So today I want to talk about prayer, and specifically I want to talk about praying for your future husband. Over the past few years the concept has followed me, but I never really thought much about it. My mom's always said she prays God will bring me the right man. My grandmother has said the same thing. Countless people at churches have even made comments along the lines of, "we pray God brings a good Christian man into your life." However, I had never personally considered praying for my future husband until a few months back.
It all started when I began reading a stack of christian books for reviews. Most of the books focused on modesty, serving God as a young woman, and courtship. One thing I found in all three categories was this concept of praying for your future husband. Yes, you, me, single girls and women praying for our future husbands. Not your parents, grandparents, or other christian leaders. Of course having their support through prayer is a huge blessing and certainly not something to be over looked, but if you don't take part in those prayers then you're missing out on a whole different type of blessing.
Now first off, these books defined something. They defined the difference between praying for A future husband and praying for YOUR future husband. Trust me, there's a huge difference. Praying for a future husband is basically asking God to show you who He wants you to spend the rest of your life with. Whereas praying for your future husband is a lot more personal. This type of prayer is focused directly on your husband. Its not a prayer to find him, but a prayer for him.
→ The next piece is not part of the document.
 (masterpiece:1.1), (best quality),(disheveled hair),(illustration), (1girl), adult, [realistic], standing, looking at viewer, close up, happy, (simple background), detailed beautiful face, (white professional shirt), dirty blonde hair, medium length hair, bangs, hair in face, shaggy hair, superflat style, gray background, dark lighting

Okay, I'll admit it. When I first read 'pray for him' my mind was boggled. How on earth can I pray for someone I don't even know yet? Why should I pray for him, I don't know anything about him? But those questions were putting a limit on God's power, not to mention putting the spotlight on my feeble faith. That's when I decided this was something I needed to do. My sin nature (or at least the questioning part) was trying to pull me away from something. I wanted to know what that something was.
So there I was ready to start praying for my future husband, but there was still a big issue. What should I pray for him? Since we don't know each other how can I know what he's struggling with or what he needs? Silly me. Sometimes we can be so blind can't we? The answer was right there in the books and in the scriptures. Modesty is a very big issue in this modern world. Every single one of us struggle with it, boys and girls alike. There was an answer! I could pray that God would help to keep my future husband pure, and not only physically, but also mentally and spiritually. How about serving God? The top qualification for my future husband is he must be a born again believer. However, one can be a christian and not serve God. That's not something I want in a husband. I want a strong leader, one that will lead a household both physically and spiritually. There was something else I could pray for! This was a prayer that God will lead my future husband and help him to grown into a servant of God. But what about courtship? How does that affect my future husband? Admittedly this one took a lot of searching, until I realized that courtship was a conviction laid upon my parent's heart through scripture. I want my future husband to be a man of God's Word. I could pray that my future husband will treasure God's word and not just read it on Sundays. I pray that he will diligently read the word of God and turn to it for guidance.
It turns out that I was off to a pretty good start. Since then new doors and new prayers have been opened up to me, some of which I hope to share with you in part two of 'Praying for Your Future Husband'. Until then I want to end this post by encouraging you to pray for your own future husband. Not only has it strengthened my relationship with God, but it's also laid down a firm foundation for a relationship later on in life. After all shouldn't the most beautiful relationship be one centered and focused around God? If a relationship that hasn't even formed yet is already so focused on God then I think something very beautiful will become of it. Now my only prayer is that young men of God are praying for their own future wives. I think it can safely be said that we are all in need of those prayers.